RFR: 8316180: Thread-local backoff for secondary_super_cache updates [v10]

Sat Oct 14 09:58:40 UTC 2023

On Fri, 13 Oct 2023 03:43:26 GMT, nahidasu <duke at openjdk.org> wrote:

>> Aleksey Shipilev has updated the pull request incrementally with one additional commit since the last revision:
>> 
>>   Touchup benchmark metadata
>
> Hello, I'm Nahida from **Derek’s** team.  We've conducted extensive testing on the patch using the specified test cases for both Shipilev and Mulugeta. We observed a similar trend across both benchmarks: as the number of SecondarySuperMissBackoff increases, the average time decreases. We ran both our Mulugeta test as well as the JMH test supplied in the patch with a larger machine with thread counts of 18, 60, and 240. For the Mulugeta’s test case, we explored three different scenarios:
> 
> • Equal Distribution (50% each): This represents the worst-case scenario.
> • Exclusive Interface Calls (0%): Signifying the best-case scenario.
> • 95% Same Interface, 5% Other Interface: Where 95% of the time is spent calling the same interface and 5% of the time on the other one.
> 
> Here, sharing **Derek’s** perspective on this data:
> 
> “We see that it takes very little contention (5%) for the default behavior to perform poorly, and in the uncontended case there is no downside for using a large Backoff value. So backoff values of 1,000 or even 10,000 seem reasonable. This makes sense, because in the perfect world for the secondary supercache there is no update to the secondary supercache. Note in a previous version of the Mulugeta benchmark we tried increasing the length of the interface array being searched, and it made little performance impact until the interface depth got silly (100+). HW prefetch, OOO cores etc can chew through an array search pretty well once they get started.”
> [JDK-8180450_Secondary-super-cache_8316180-patch.xlsx](https://github.com/openjdk/jdk/files/12889239/JDK-8180450_Secondary-super-cache_8316180-patch.xlsx)
> 
> 
> I've attached the Excel file for your reference.
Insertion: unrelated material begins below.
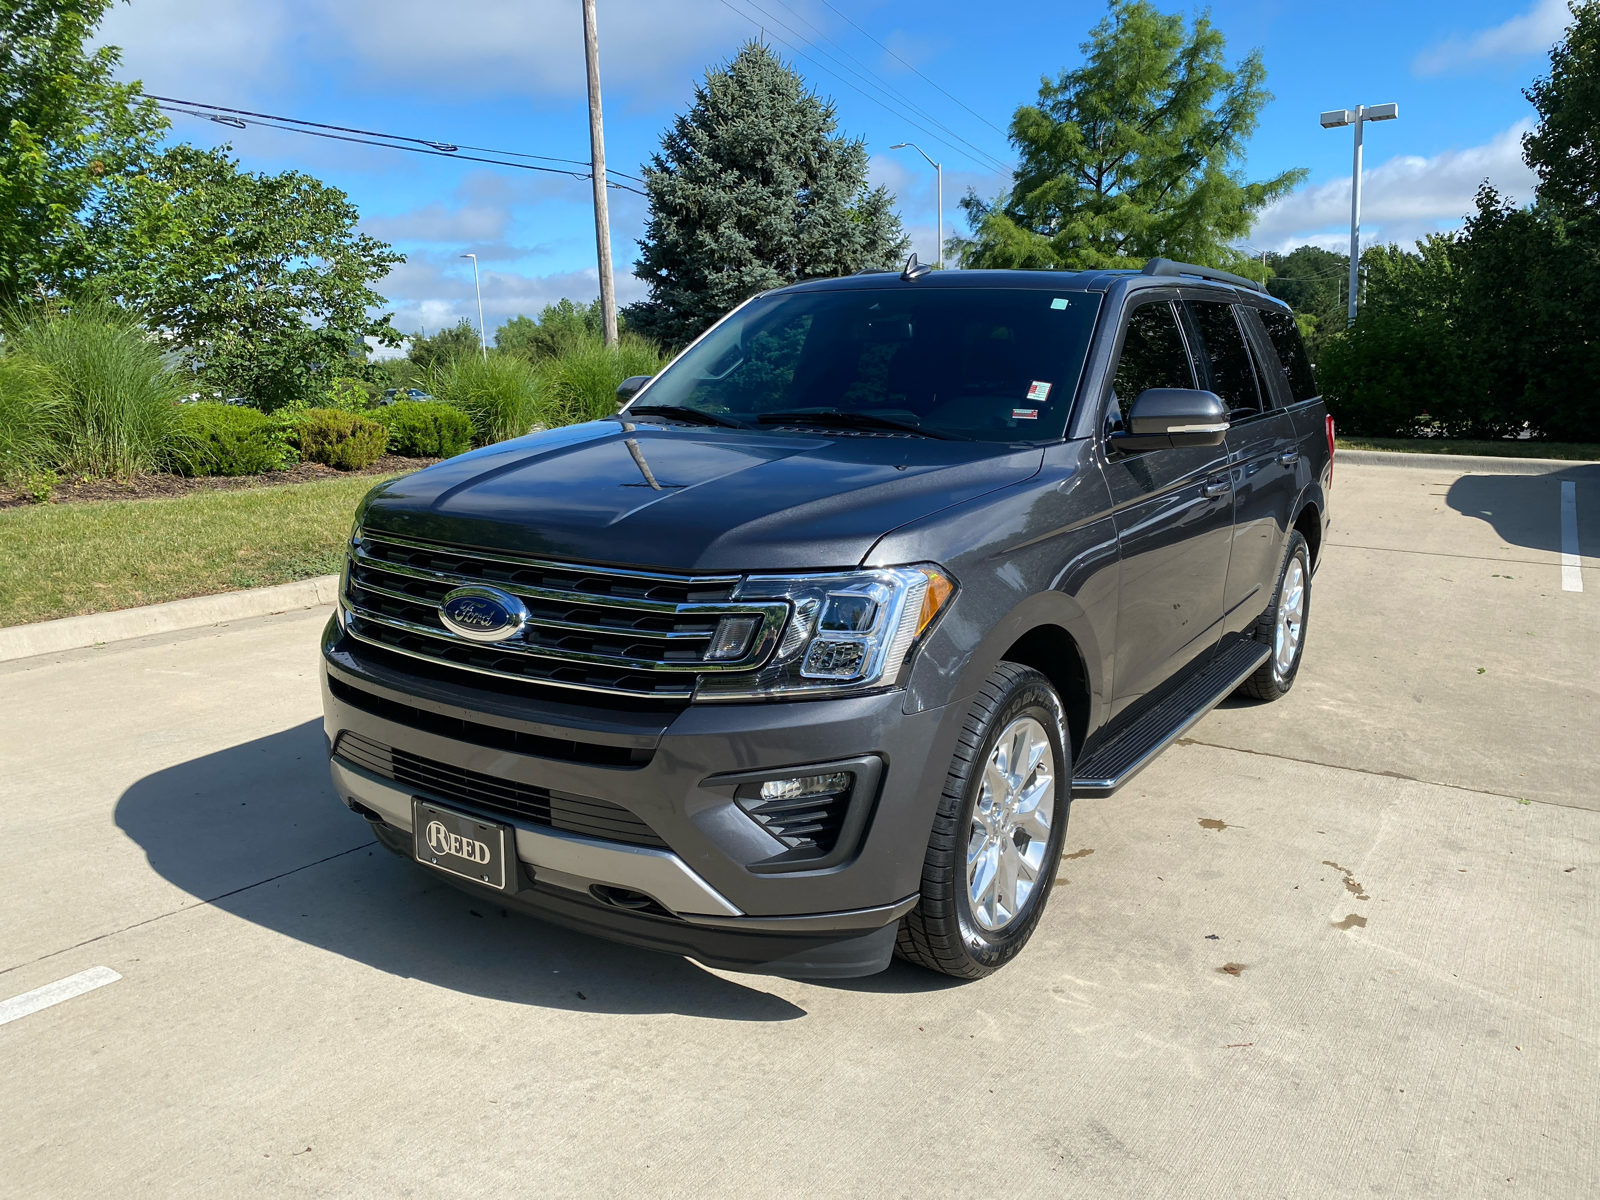 2020 Ford Expedition XLT 2

If require any additional information or specific details, please feel free to let me know.

@nahidasu 

Hi, I have quickly looked at the data of the benchmark from Mulugeta and I see it stop at C1 comp level.
I believe we should have a benchmark where C2 kicks-in too, because it likely won't have the amortization due to the stub call, hence increasing the contention (and by consequence can draw different conclusions/give another data point on the effectiveness of the backoff values).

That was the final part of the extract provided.